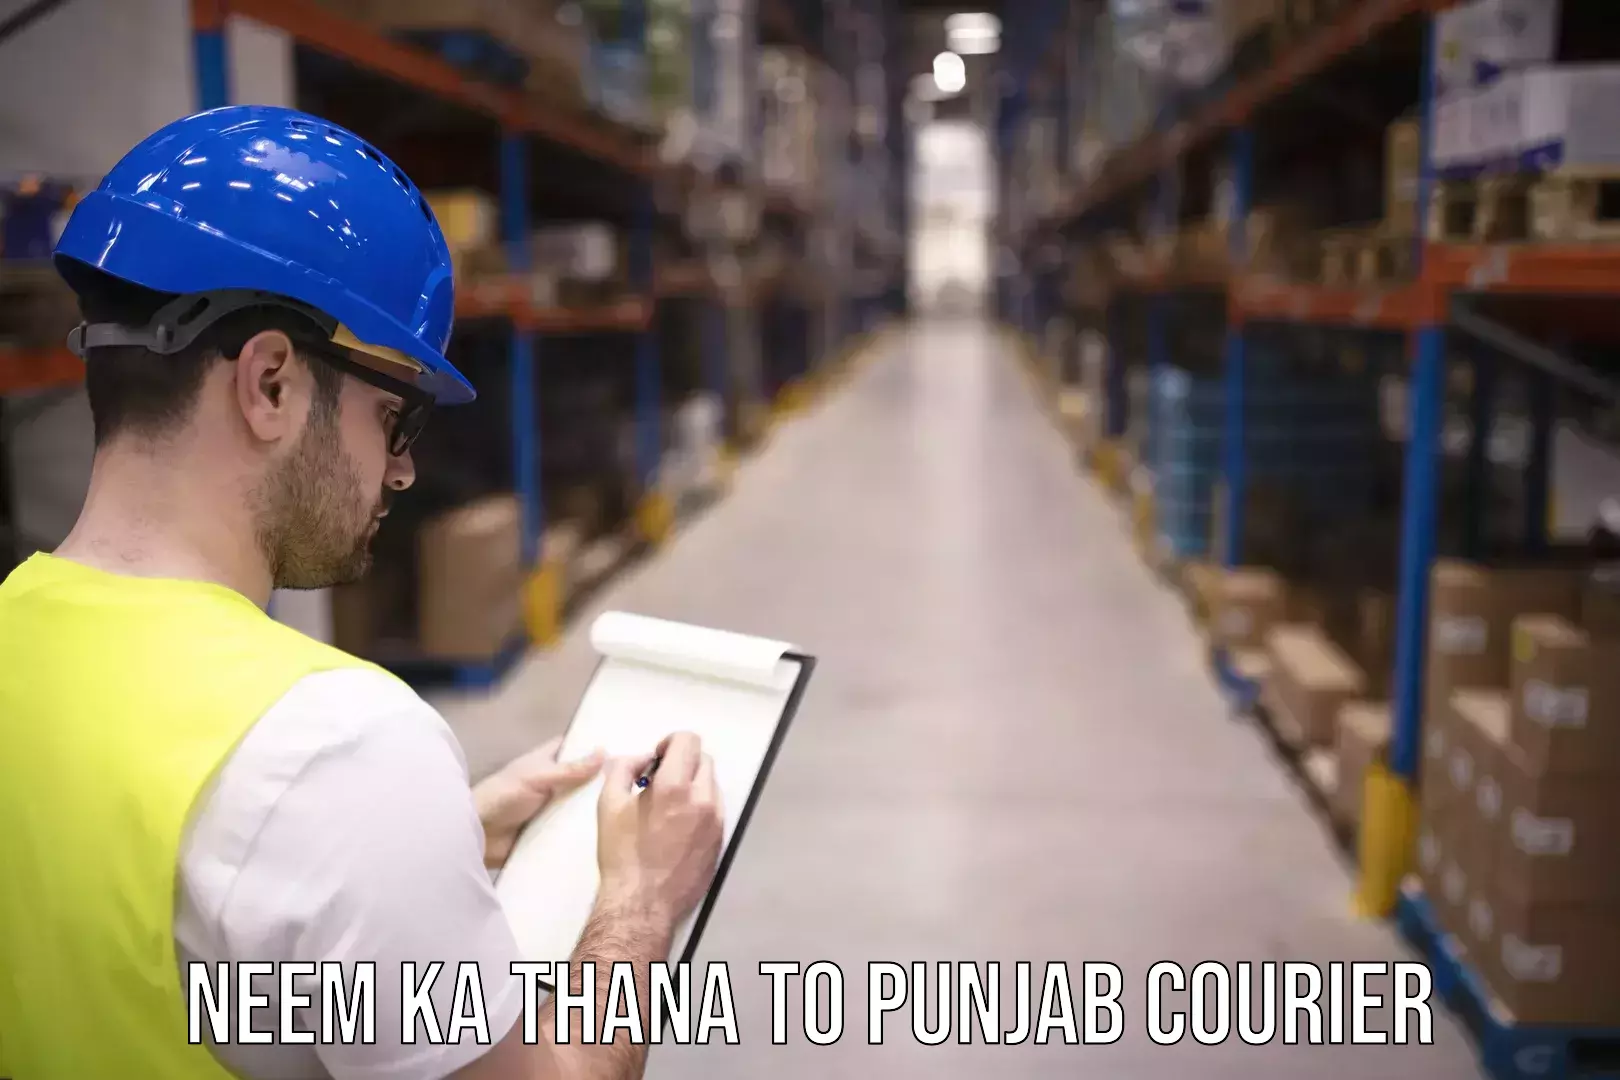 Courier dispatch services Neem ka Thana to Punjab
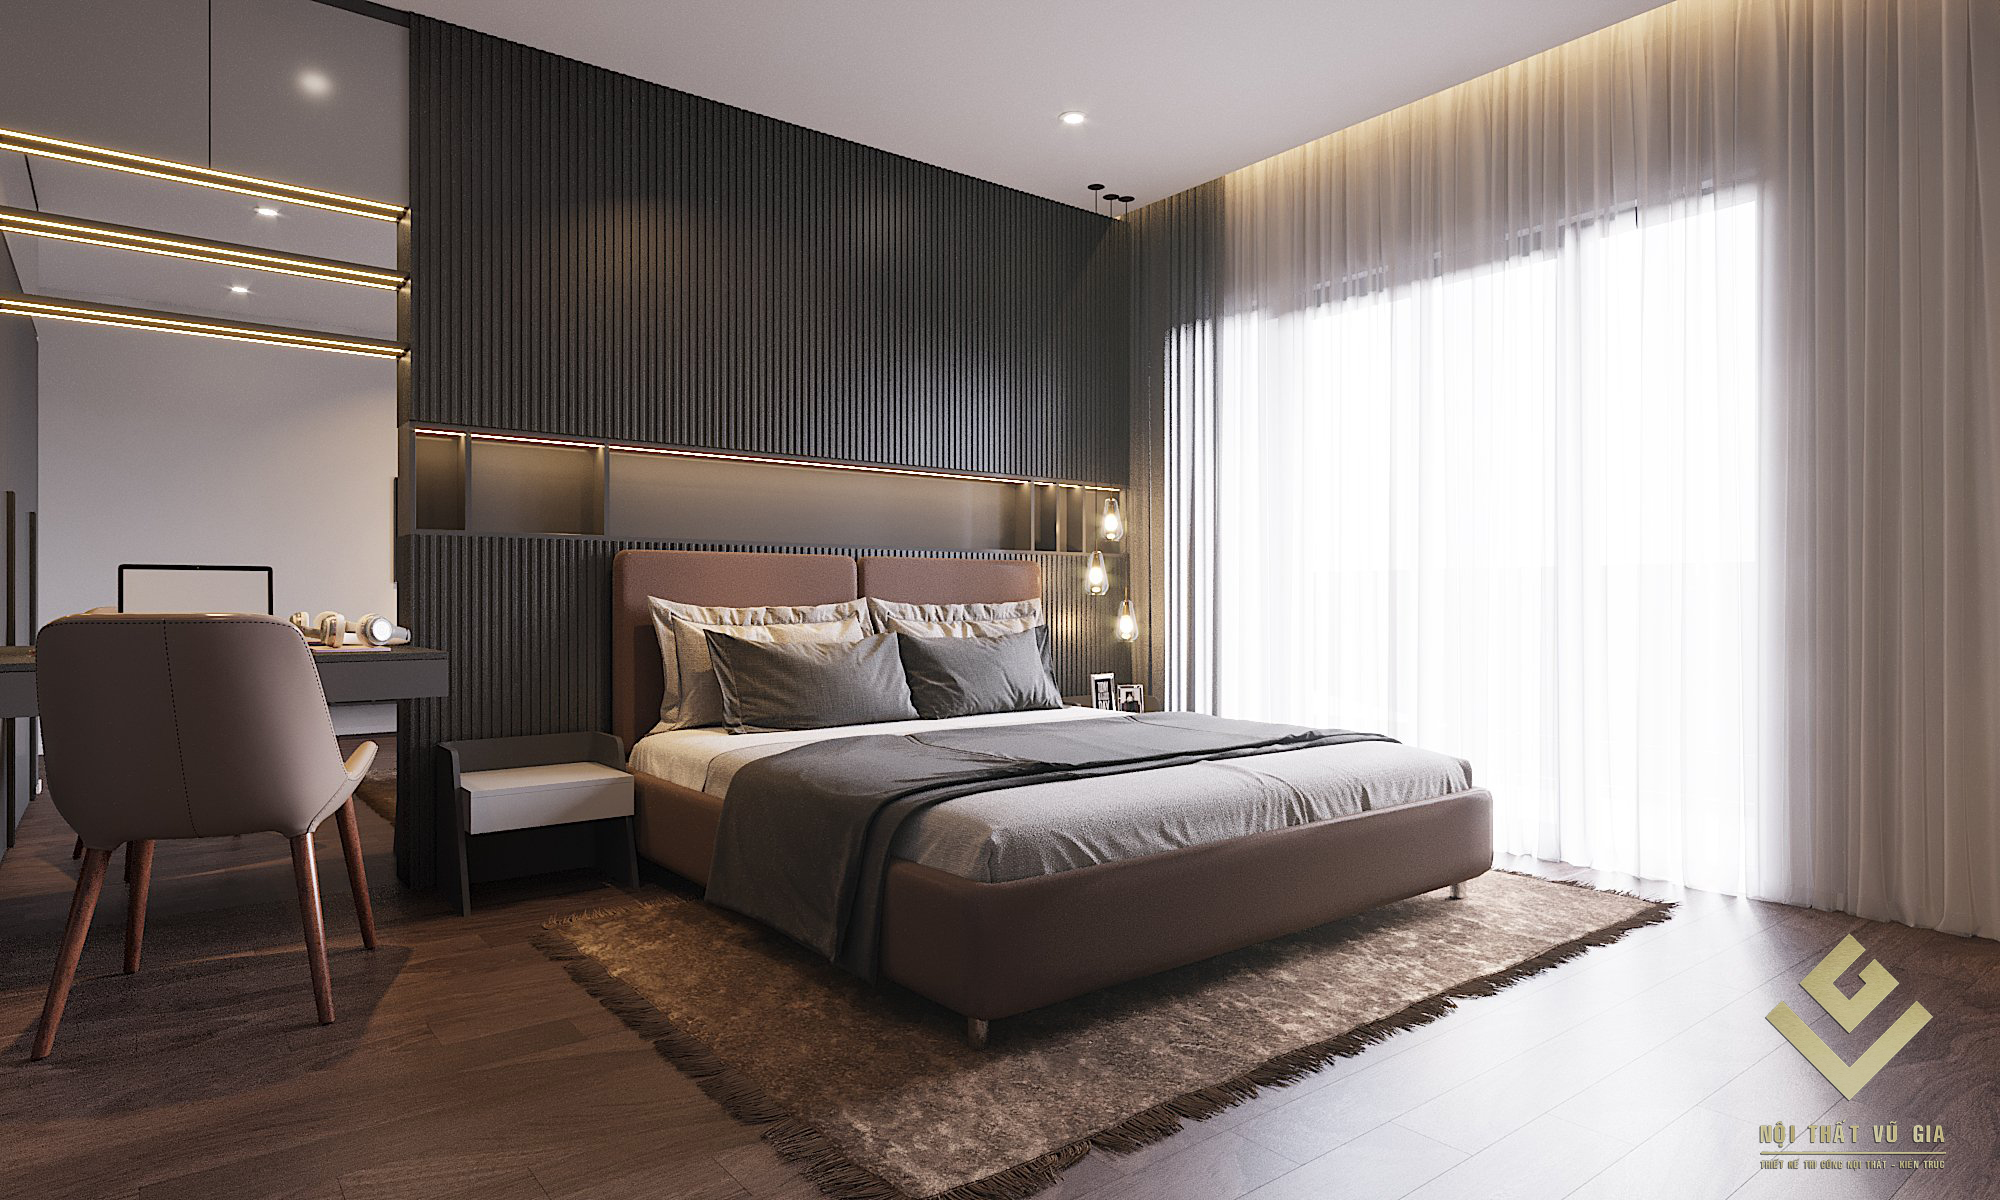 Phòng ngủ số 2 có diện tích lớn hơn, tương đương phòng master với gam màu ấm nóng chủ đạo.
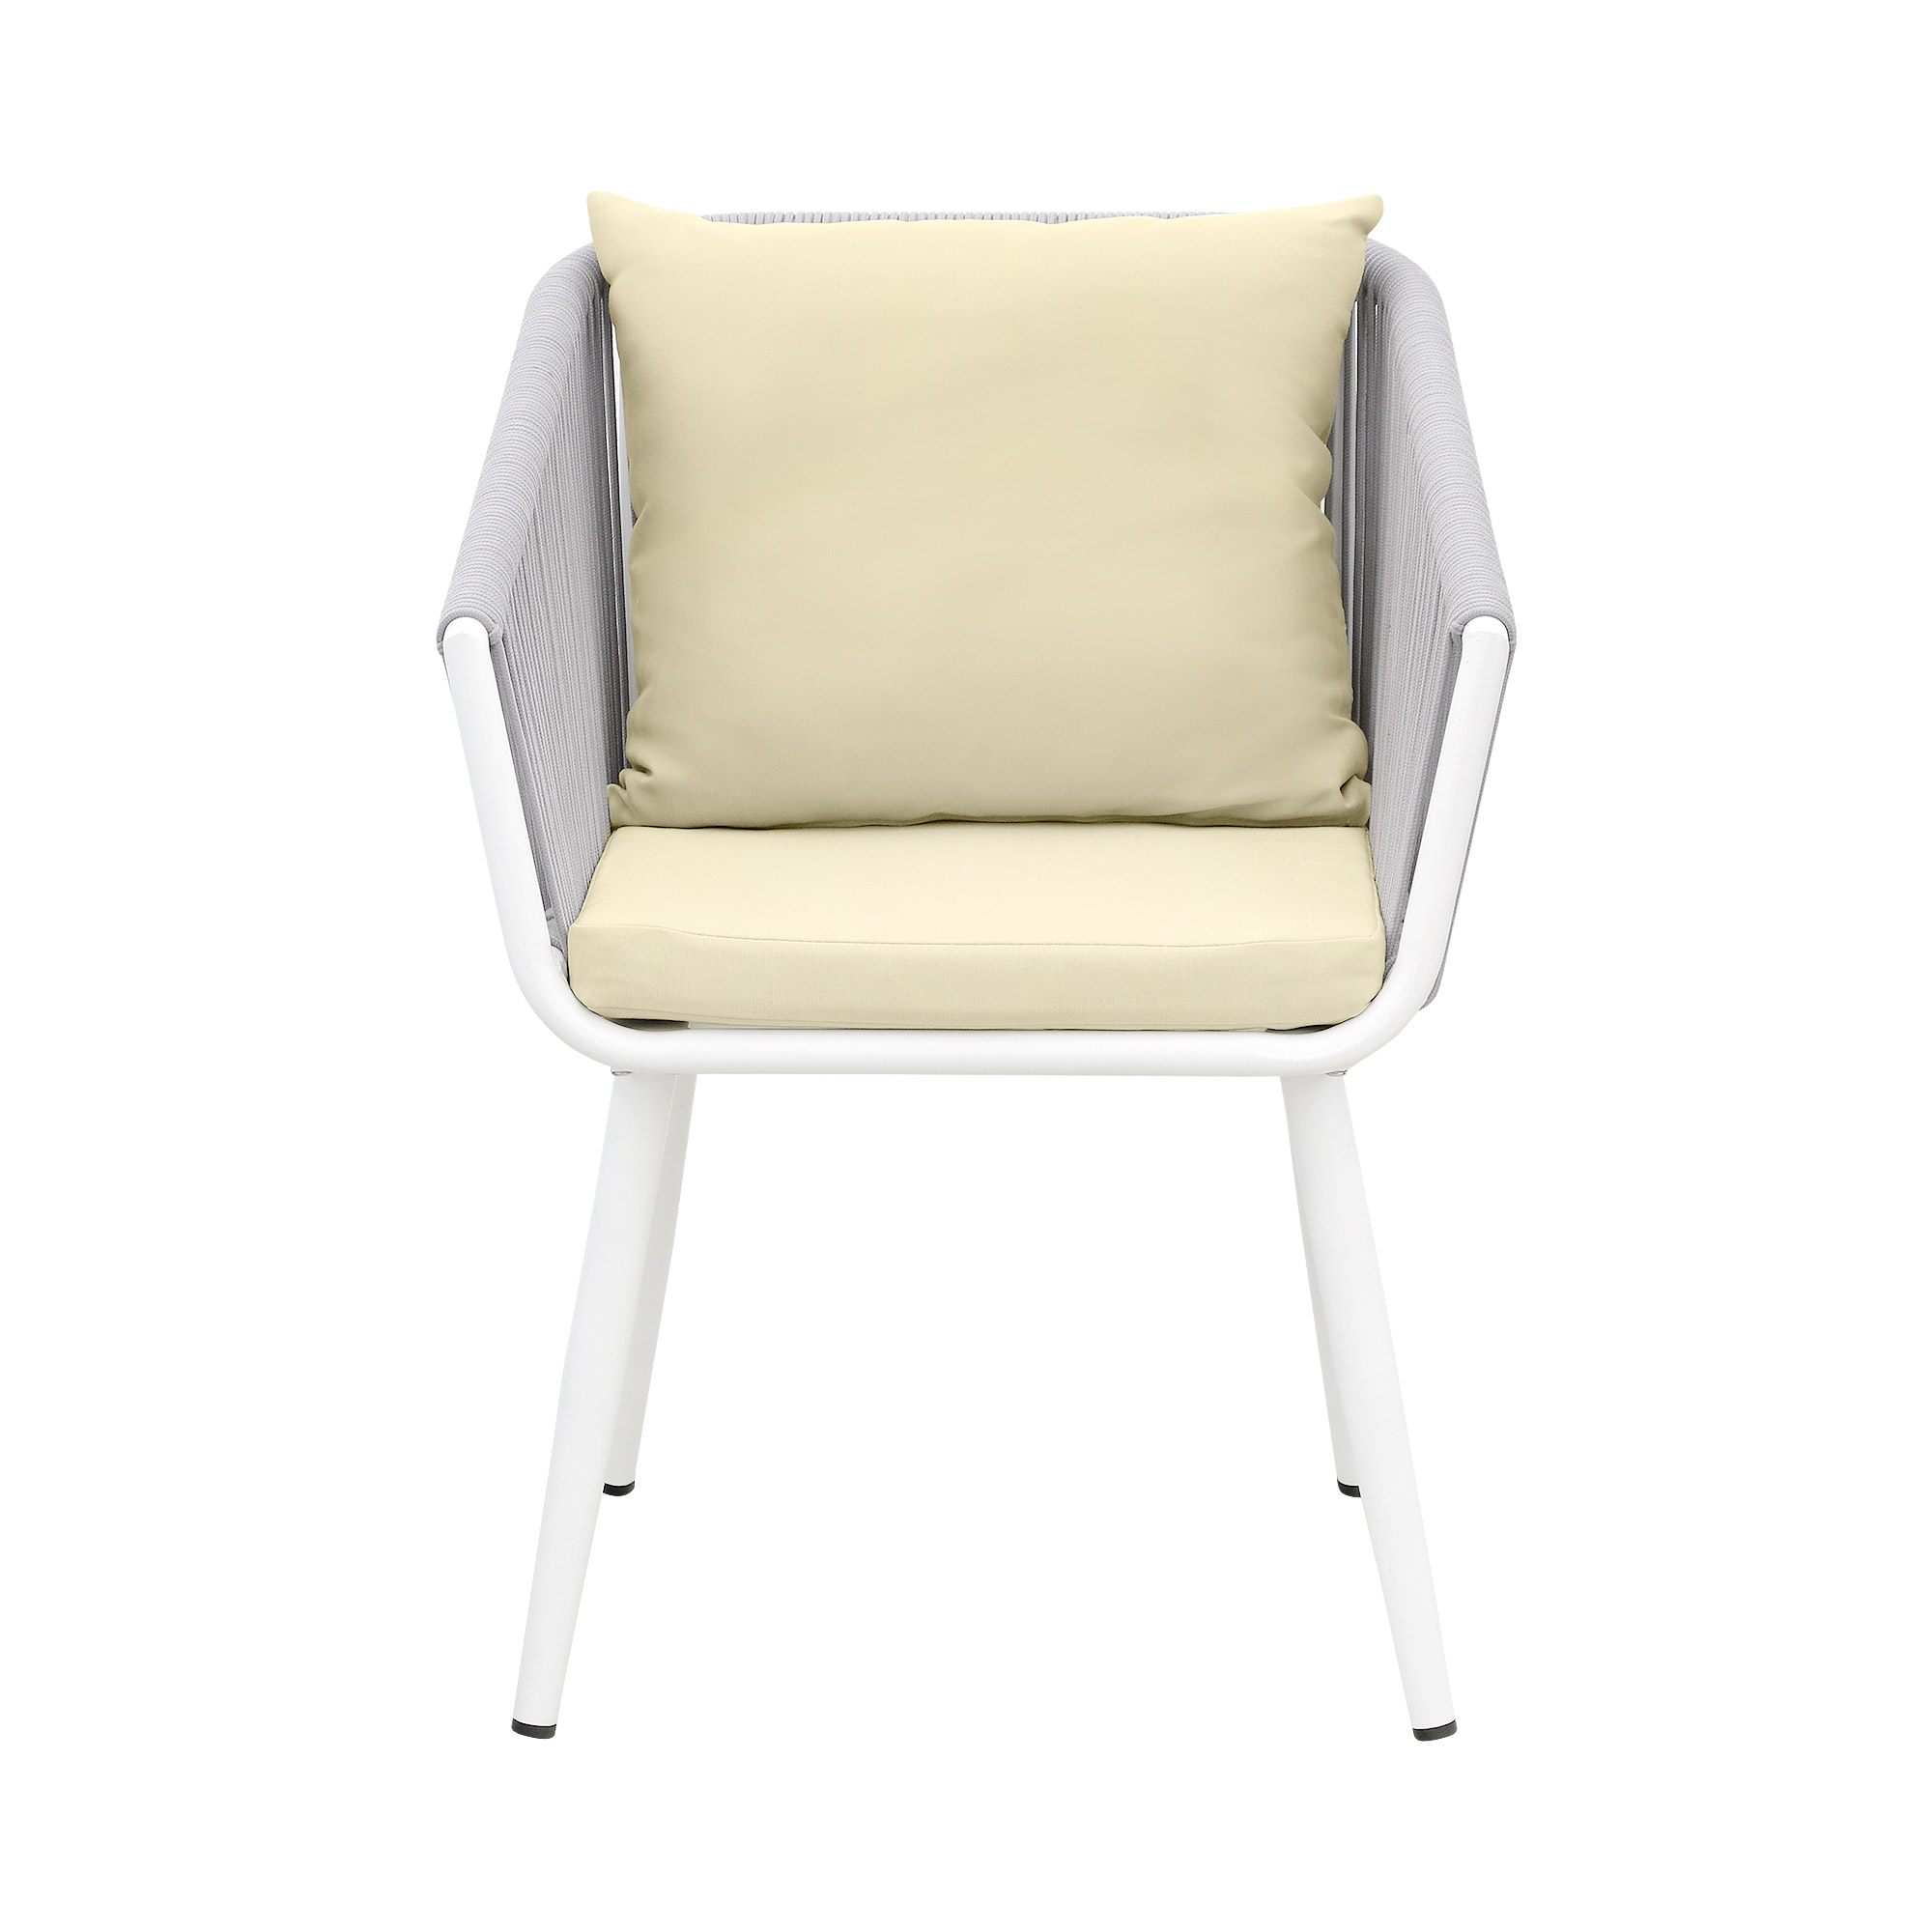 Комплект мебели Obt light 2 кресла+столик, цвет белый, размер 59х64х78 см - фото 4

★ ★ ★ ★ ★ ★ ★

* THE PROBLEM:
The data above must be copied exactly. Leave out the pictures.

* SOLUTION FOR THIS EXERCISE:
 Courier dispatch services Neem ka Thana to Punjab
 Phòng ngủ số 2 có diện tích lớn hơn, tương đương phòng master với gam màu ấm nóng chủ đạo.
 Комплект мебели Obt light 2 кресла+столик, цвет белый, размер 59х64х78 см - фото 4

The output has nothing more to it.